_What you should do_: Below are the records; copy exactly the stretch from the line containing "Willa Disco Embossed" through the line containing "40 Stunning Grey", both ends included, and nothing else.

_Input material_:

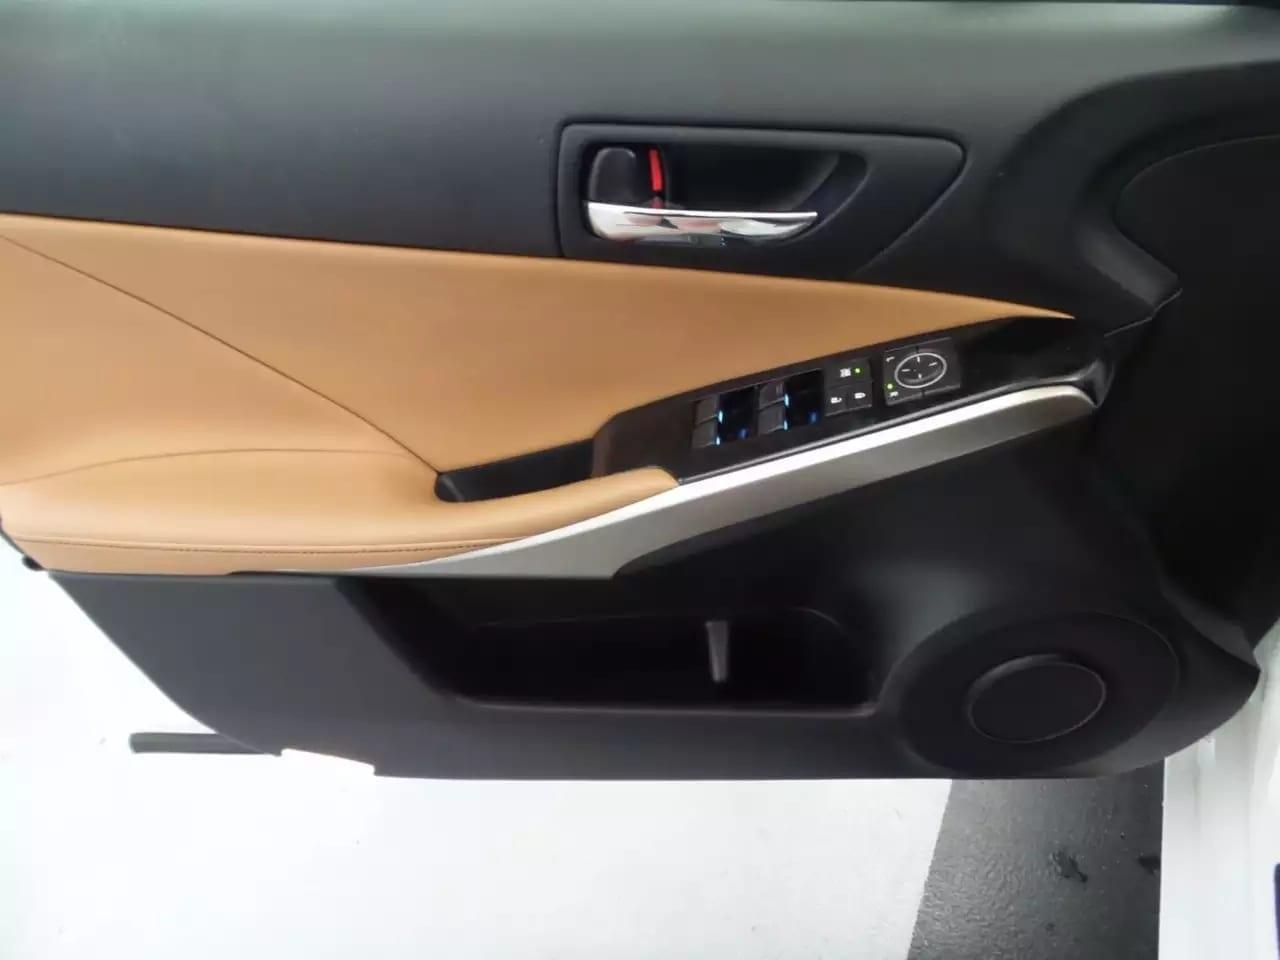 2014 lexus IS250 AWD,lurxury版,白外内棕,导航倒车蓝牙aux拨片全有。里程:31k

...

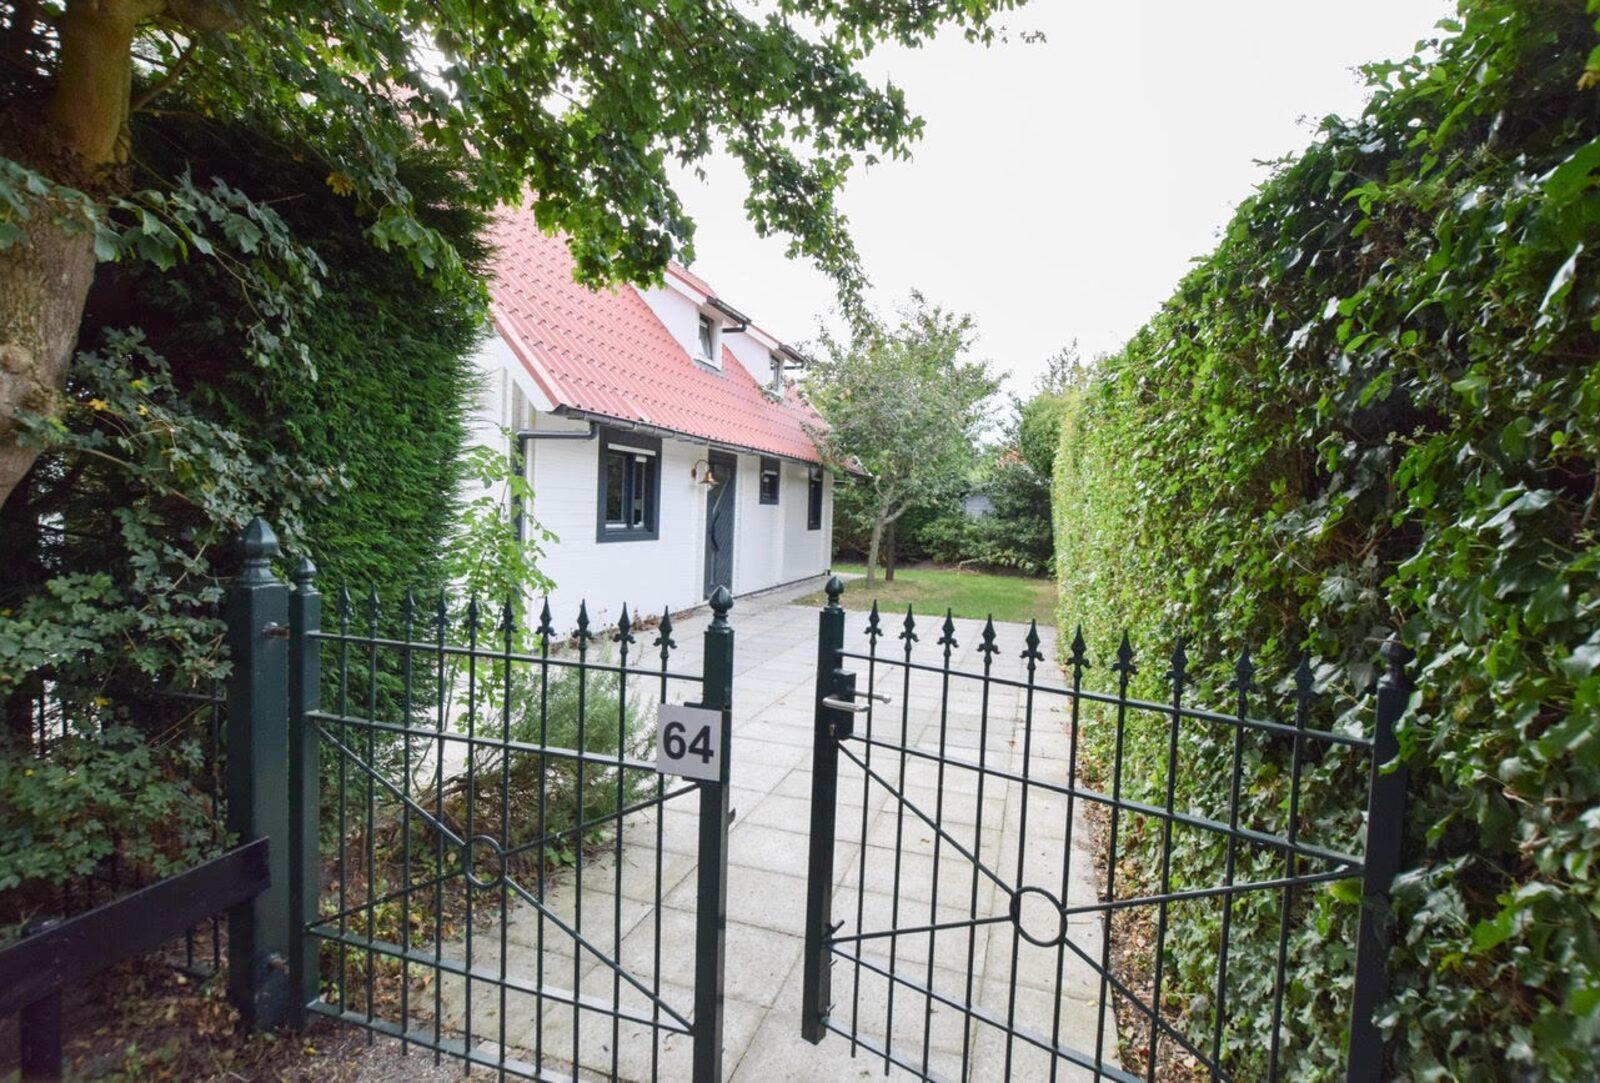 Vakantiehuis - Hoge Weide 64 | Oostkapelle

...

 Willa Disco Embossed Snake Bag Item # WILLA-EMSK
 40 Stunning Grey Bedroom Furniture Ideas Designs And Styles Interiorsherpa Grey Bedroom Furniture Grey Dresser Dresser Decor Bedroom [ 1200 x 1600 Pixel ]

_Exercise result_:
 Willa Disco Embossed Snake Bag Item # WILLA-EMSK
 40 Stunning Grey Bedroom Furniture Ideas Designs And Styles Interiorsherpa Grey Bedroom Furniture Grey Dresser Dresser Decor Bedroom [ 1200 x 1600 Pixel ]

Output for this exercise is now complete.